Spectre #2 Mitigation - Retpolines

Intel finally published a whitepaper about Spectre #2 Mitigation. The PDF is also featured on Hacker News . It’s a technical whitepaper, but you can see the footprints of lawyers all over the language. For me, it basically says that, yes, Retpolines are indeed incompatible with Controlflow Enforcement Technology (CET) that Intel was planning for later CPUs (PDF , El Reg article ).
CET introduces a shadow stack for return addresses only, and will fail your code into an exception if the normal stack return address and the shadow stack address disagree. Trying to touch and manipulate the shadow stack will also fail into an exception. That is, CET makes touching a return address on the stack toxic by having in effect separate argument and return address stacks, and your code explodes every time you try to do something funny with return addresses. Which is what Retpolines depend on.
Intel also note that Retpolines also require Return Stack Stuffing in order to work properly, because otherwise RET will also speculate and the Retpoline will not work as intended. They also note that external events can interact with the Return Stack Buffer (RSB) and empty it and they don’t actually write but strongly imply that these external events are not a thing you have control over, as these are
There are also a number of events that happen asynchronously from normal program execution that can result in an empty RSB. Software may use “RSB stuffing” sequences whenever these asynchronous events occur:
- Interrupts/NMIs/traps/aborts/exceptions which increase call depth.

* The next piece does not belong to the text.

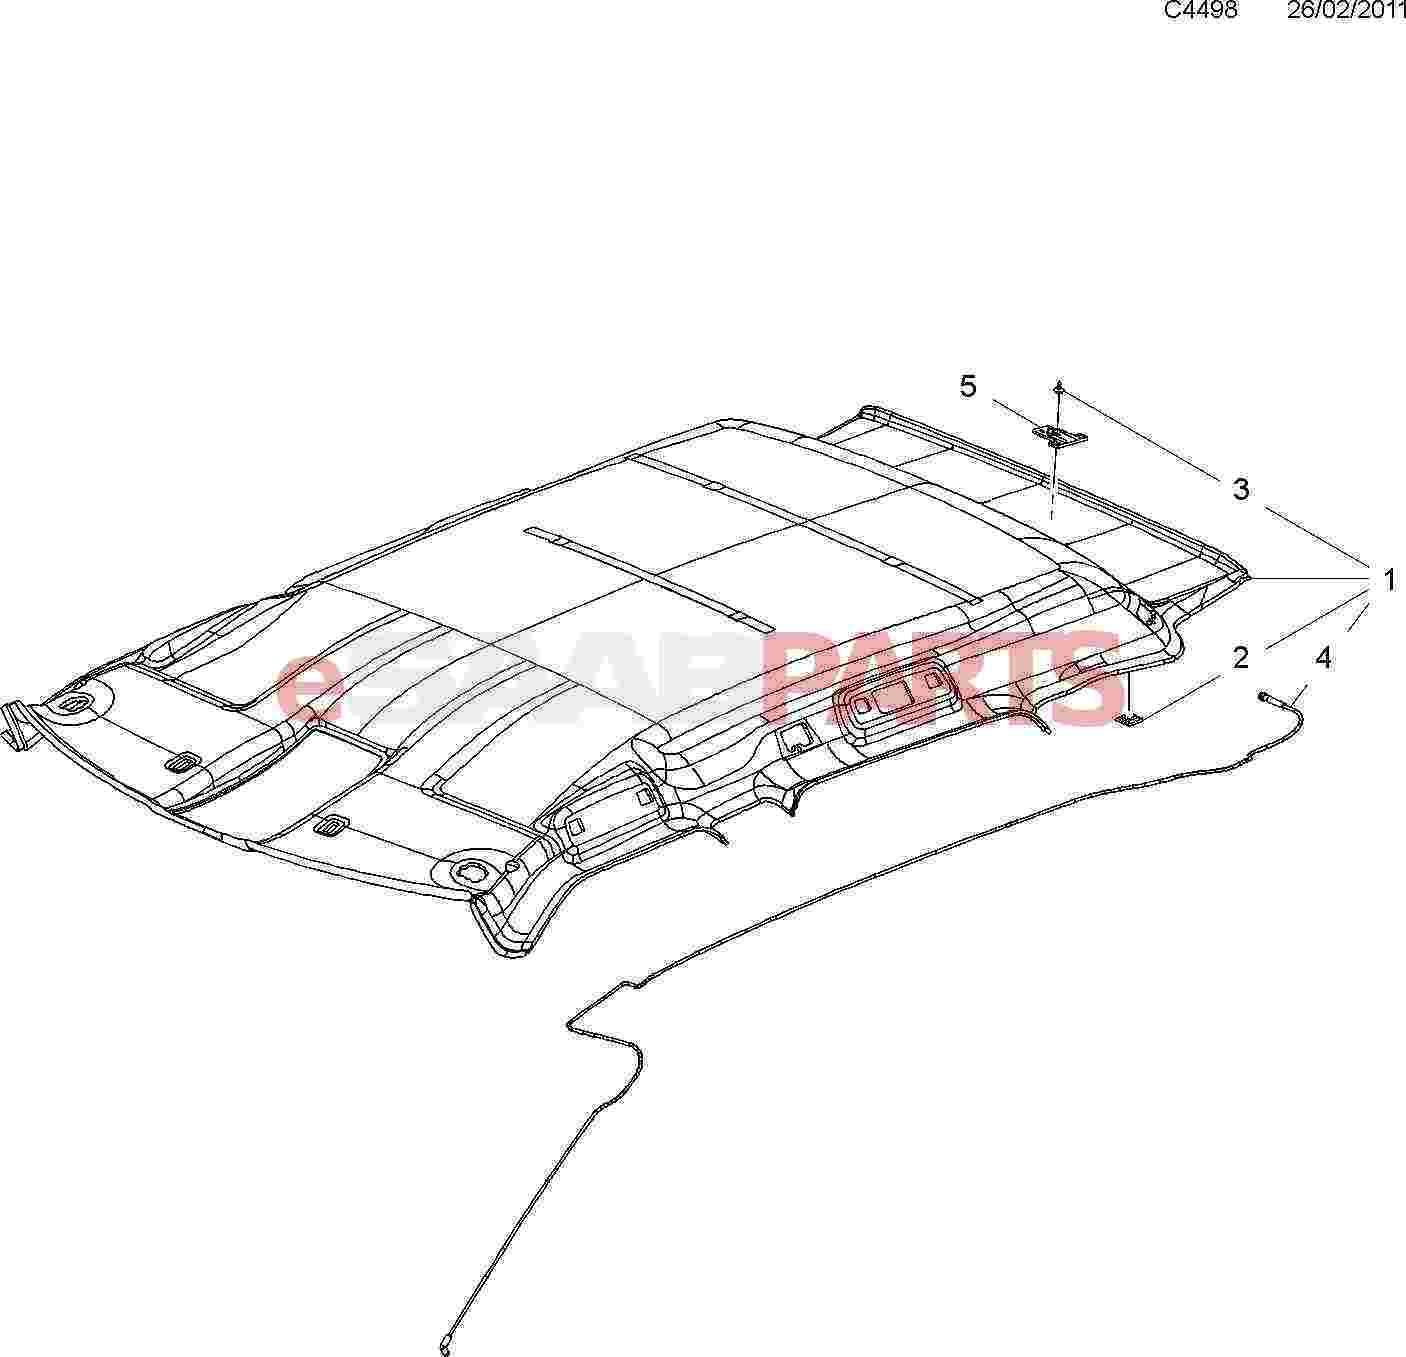 eSaabParts com - Saab 9-4X (168) > Car Body: Internal Parts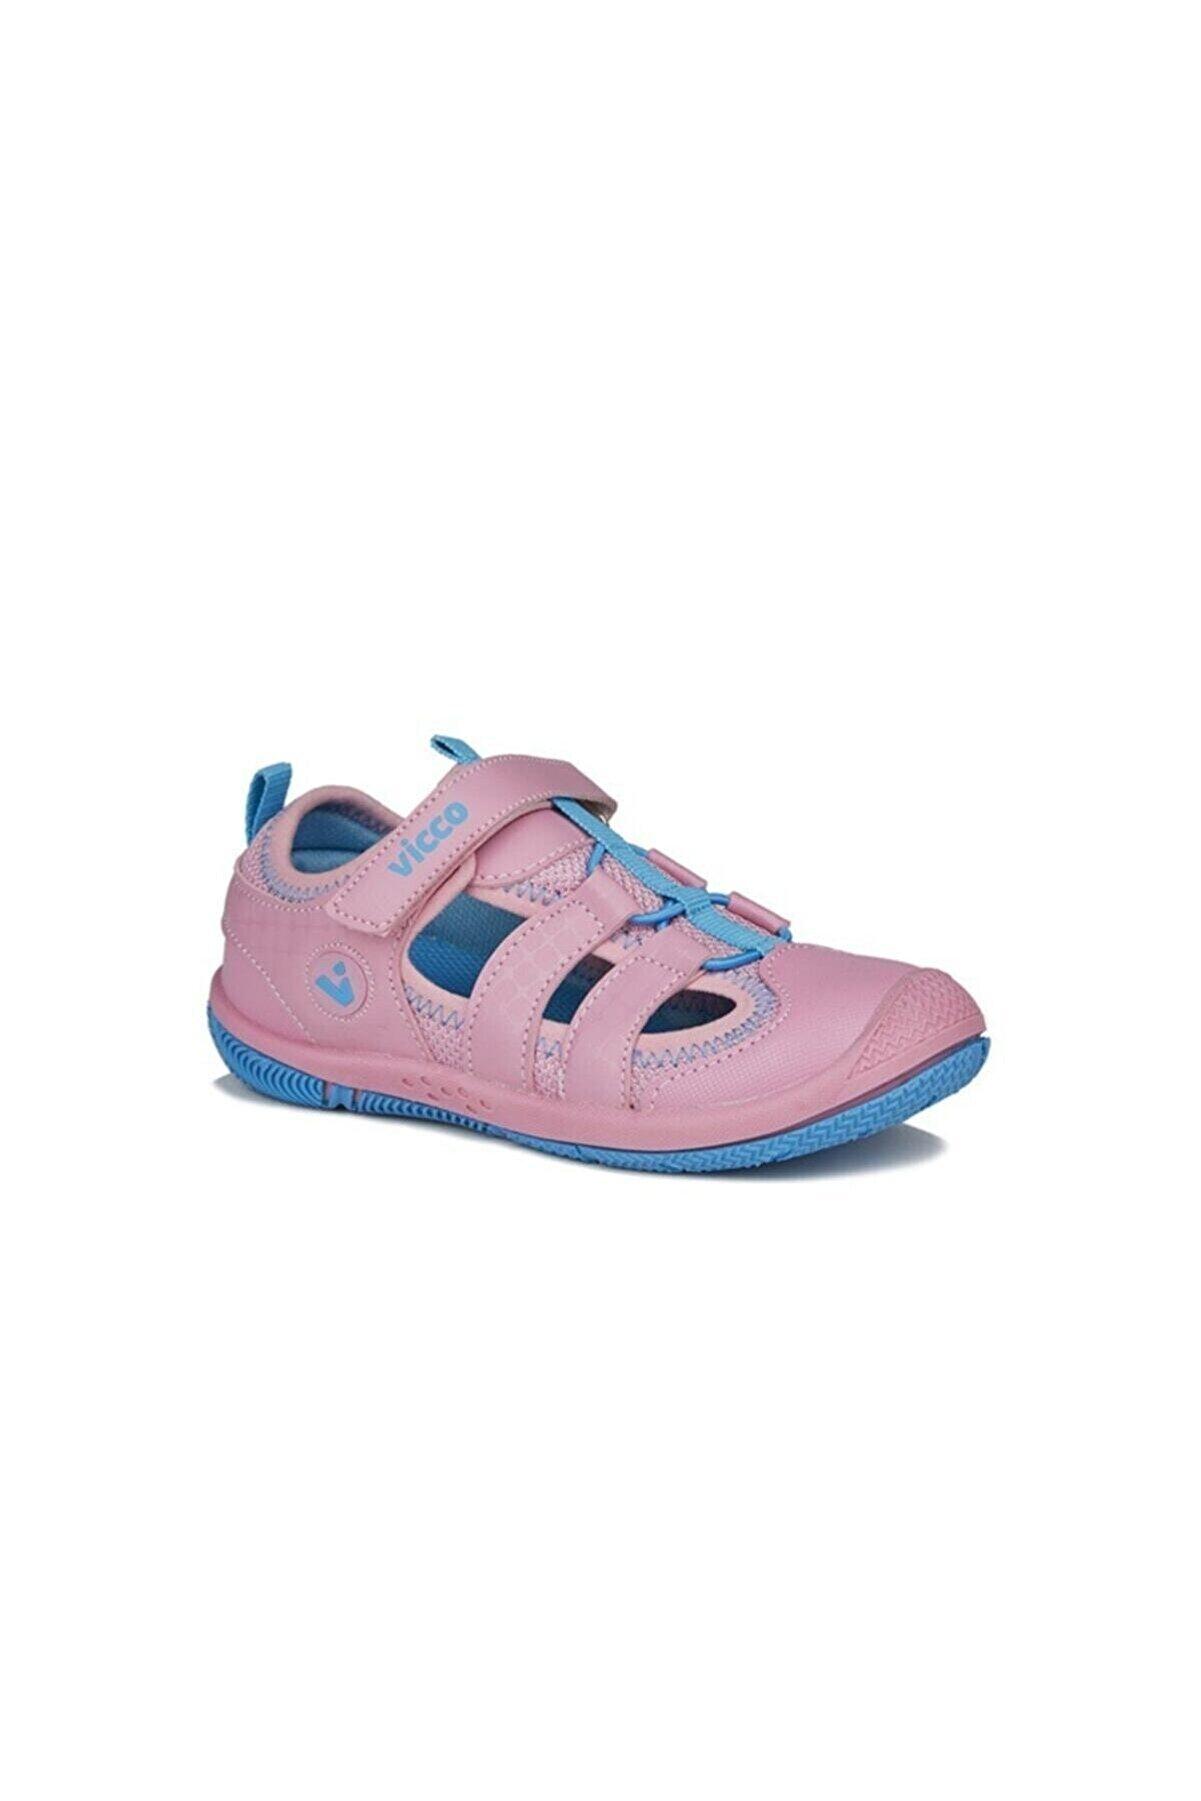 Vicco Sunny Sandalet Pembe

- System Management Interrupts (SMI) (see BIOS/Firmware Interactions).
- Host VMEXIT/VMRESUME/VMENTER.
- Microcode update load (WRMSR 0x79) on another logical processor of the same core.
The hardware you run on can either have a Spectre vulnerability and require Retpolines, or have CET and Hardware Spectre Mitigation, but not both. So you generate code for either one or the other, and they suggest instrumentation of the loader to patch all indirect jump callsites as required.
That’s not completely insane, as loaders already patch up jump instructions at load time.
They do note that virtual machines in clustered setups with life migration may be at a disadvantage here, as this is a load-time thing and hence you need to expose your worst CPU in a cluster as the virtual CPU to your VMs in order for this to work with migration. That’s already a requirement in heterogenous clusters, but still annoying.
All in all, this is basically disappointing to underwhelming.
The TL;DR is that Retpolines and CET are indeed incompatible, and ld.so is called to the rescue to patch up code at load time for one or the other. The ld.so thing is an interesting observation. It means that the code on disk and the code in memory differ in one more way.
As these things accumulate, the actual on-disk machine instructions mutate over time into a kind of virtual machine notation that on load is adjusted more and more to the needs of the actual machine it’s being executed on. Maybe a thing such as a JVM and a JIT is not the worst thing that has happened to us.